4. A / A in which a voice signal is digital data
A D converter, a first buffer that uses the digital data output from the A / D converter as a signal divided into processing units, and a windower that weights the data output from the first buffer. And a fast Fourier transformer that transforms the data output from this window multiplier into spectrum information in the time domain from the time domain, and the spectrum information output from this fast Fourier transformer is expressed in mel from the physical frequency axis. The mel scaler that obtains the mel-scaled spectrum information by converting it to the mel-scaled spectral axis that is output from this mel-scaled spectrum information has the largest absolute value in the mel-scaled spectrum information.
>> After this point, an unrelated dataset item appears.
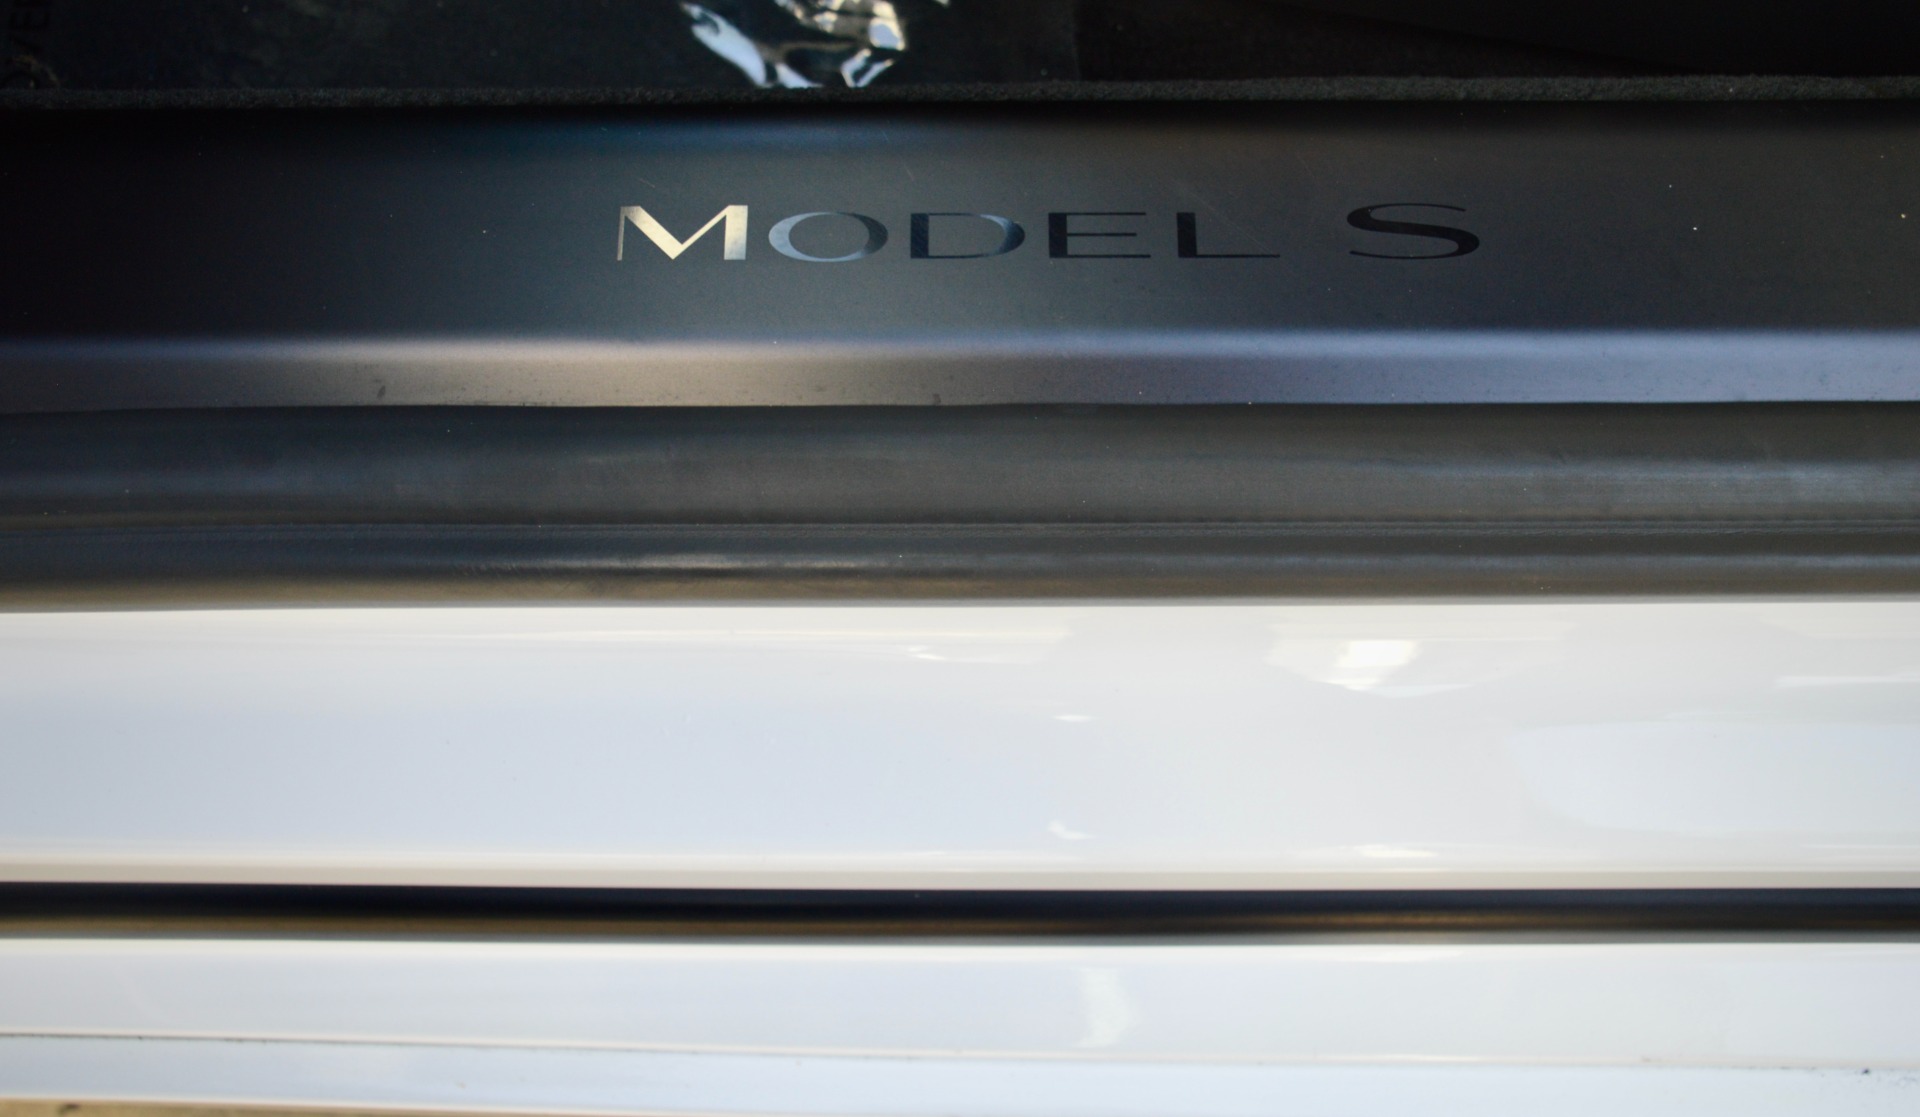 Used-2021-Tesla-Model-S-Plaid

A power spectrum coder for obtaining value information and coded mel-scaled spectrum information, and maximum value information and code extracted from the power spectrum coder. Mel-scaled spectrum information and a multiplexer for multiplexing position information of the mel-scaled spectrum output from the mel-scaler and transmitting it as digital data, and the digital data transmitted from this multiplexer. A demultiplexer that separates and obtains the maximum value information having the largest absolute value in the mel-scaled spectrum information, the encoded mel-scaled spectrum information, and the position information of the mel-scaled spectrum, and the output from this demultiplexer A power spectrum decoder for decoding the mel-scaled spectrum information from the maximum value information and the encoded mel-scaled spectrum information, the mel-scaled spectrum information output from the power spectrum decoder and the demultiplexer output Mel scale decoding for decoding from position information of mel scaled spectrum to spectrum information on physical frequency axis And a fast inverse Fourier transformer that transforms the spectrum information output from the Mel scale decoder into digital data in the frequency domain from the frequency domain, and the digital data output from the fast inverse Fourier transformer in a second buffer. A D / A converter for converting the signal into an analog speech signal via the speech coding apparatus.